- Opening Delimiter -

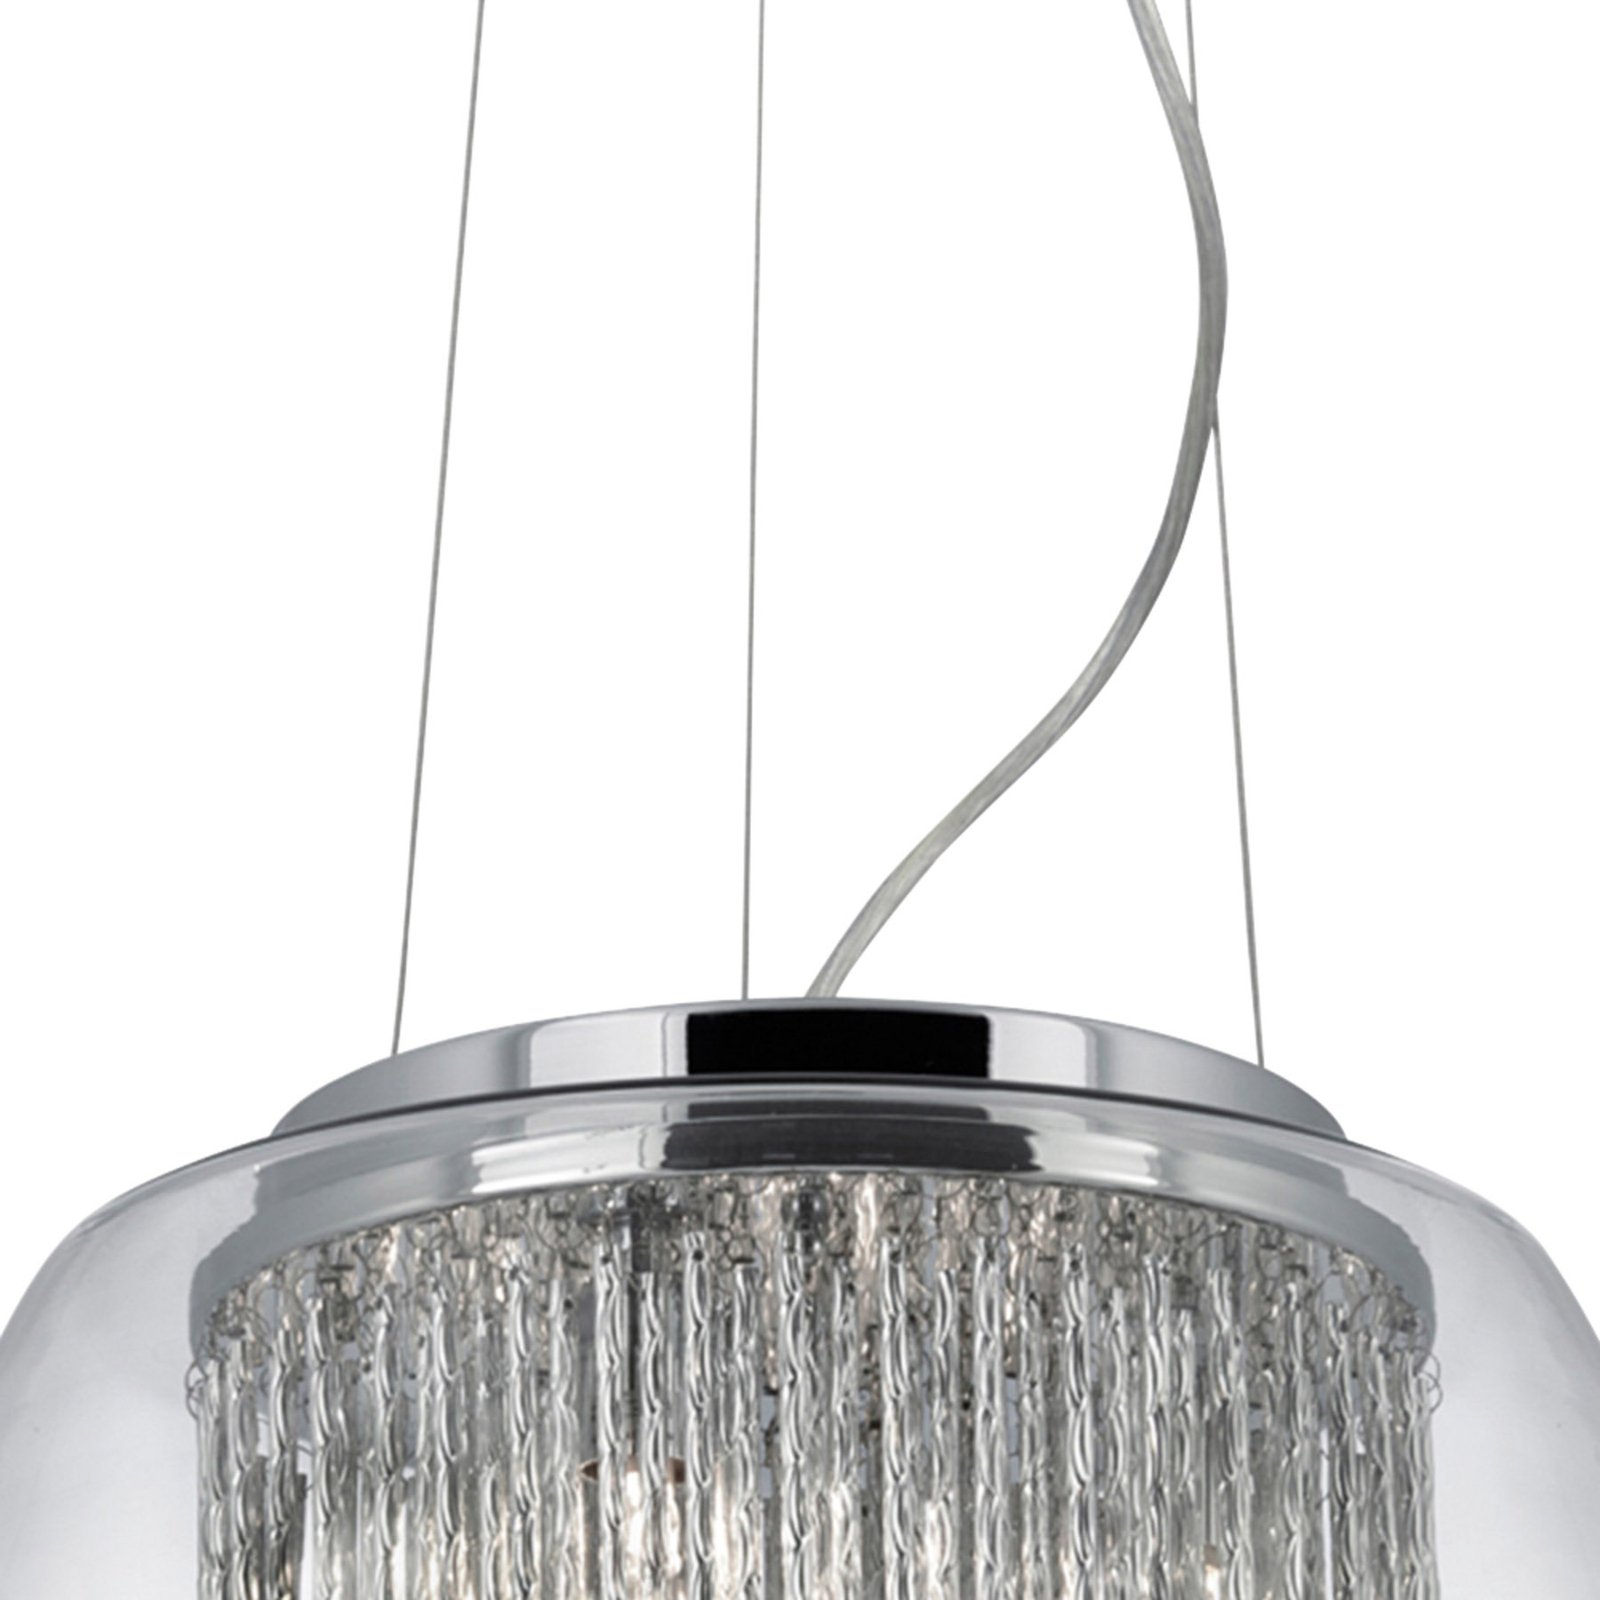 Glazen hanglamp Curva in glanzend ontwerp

- Closing Delimiter -
- Opening Delimiter -

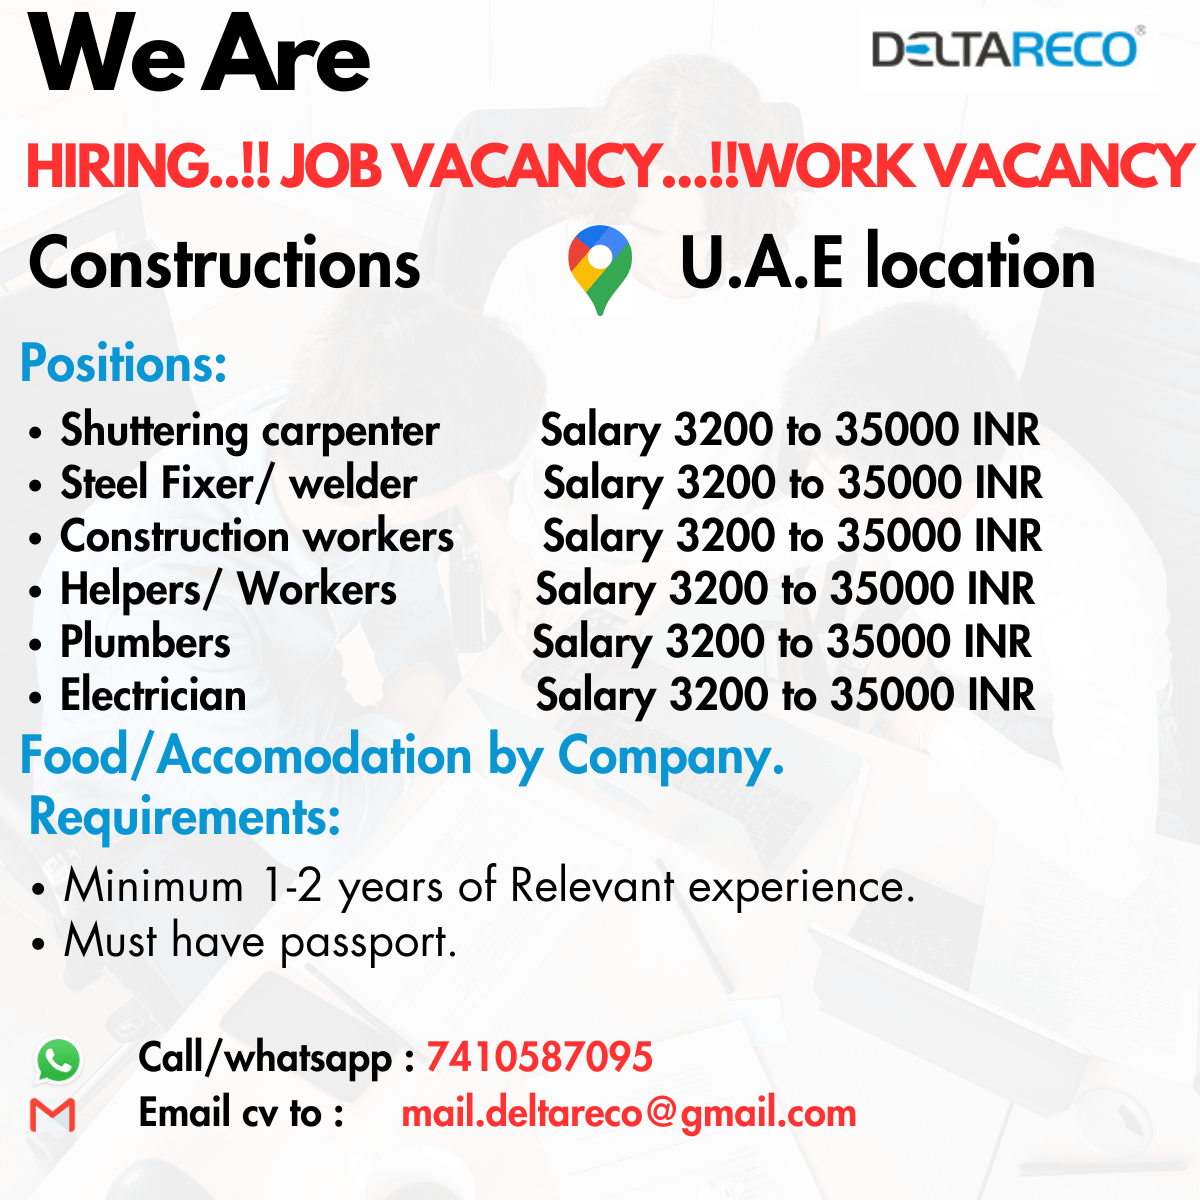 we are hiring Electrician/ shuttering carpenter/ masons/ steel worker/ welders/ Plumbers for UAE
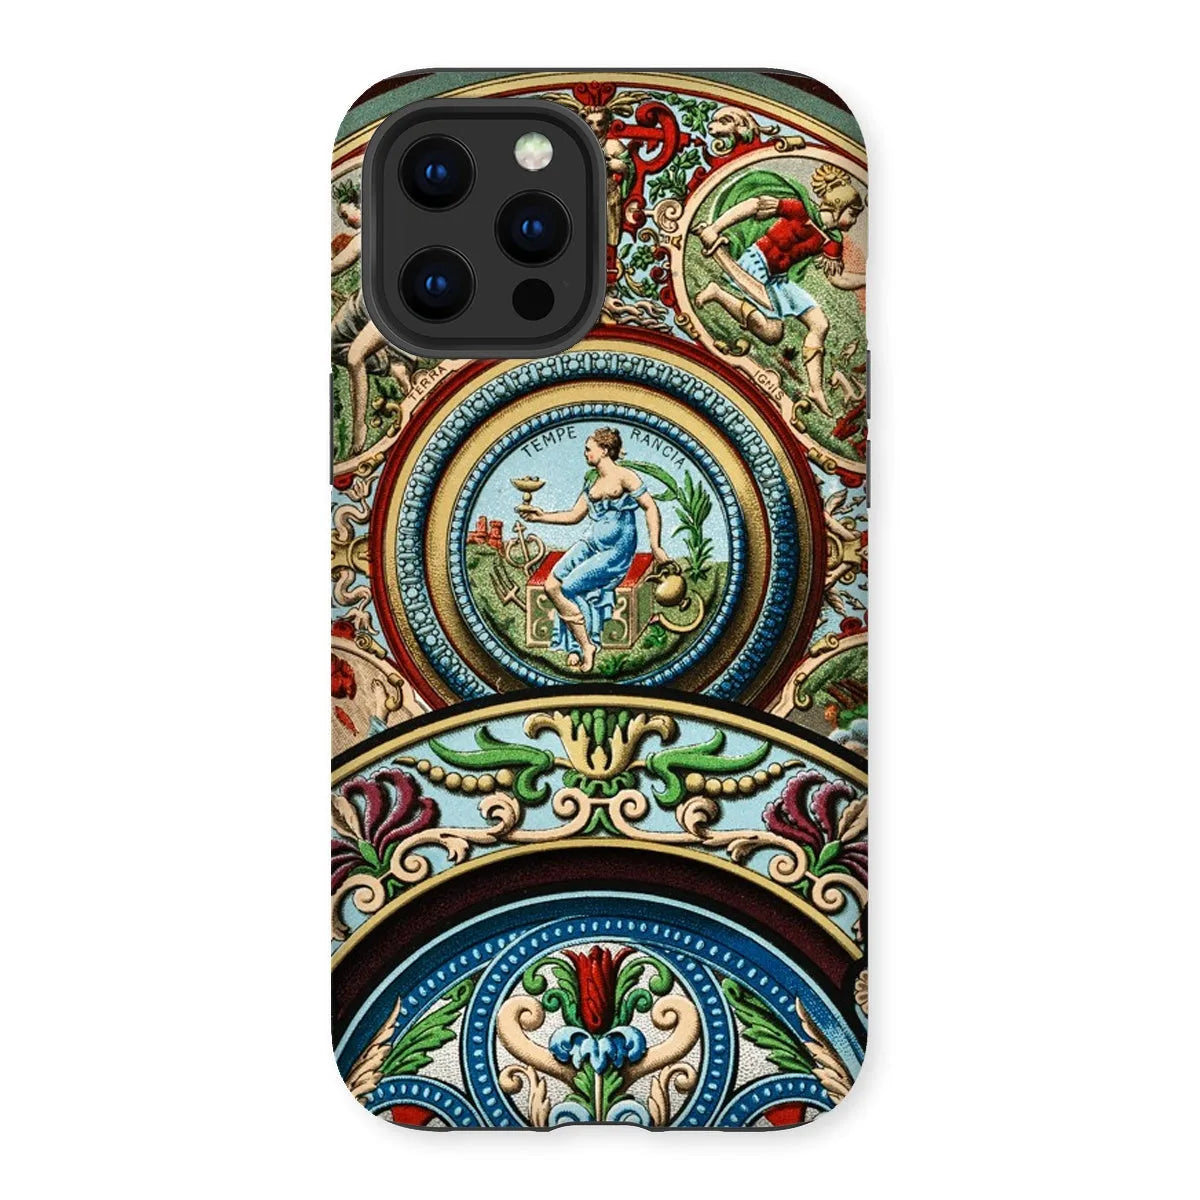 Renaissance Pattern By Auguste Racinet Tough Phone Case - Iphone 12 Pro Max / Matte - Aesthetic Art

- Closing Delimiter -

Task to carry out —
Reproduce the records above exactly, but only from the line with "we are hiring" up to and including the line with "Renaissance Pattern By". Leave the pictures out.

Your solution —
 we are hiring Electrician/ shuttering carpenter/ masons/ steel worker/ welders/ Plumbers for UAE
 Renaissance Pattern By Auguste Racinet Tough Phone Case - Iphone 12 Pro Max / Matte - Aesthetic Art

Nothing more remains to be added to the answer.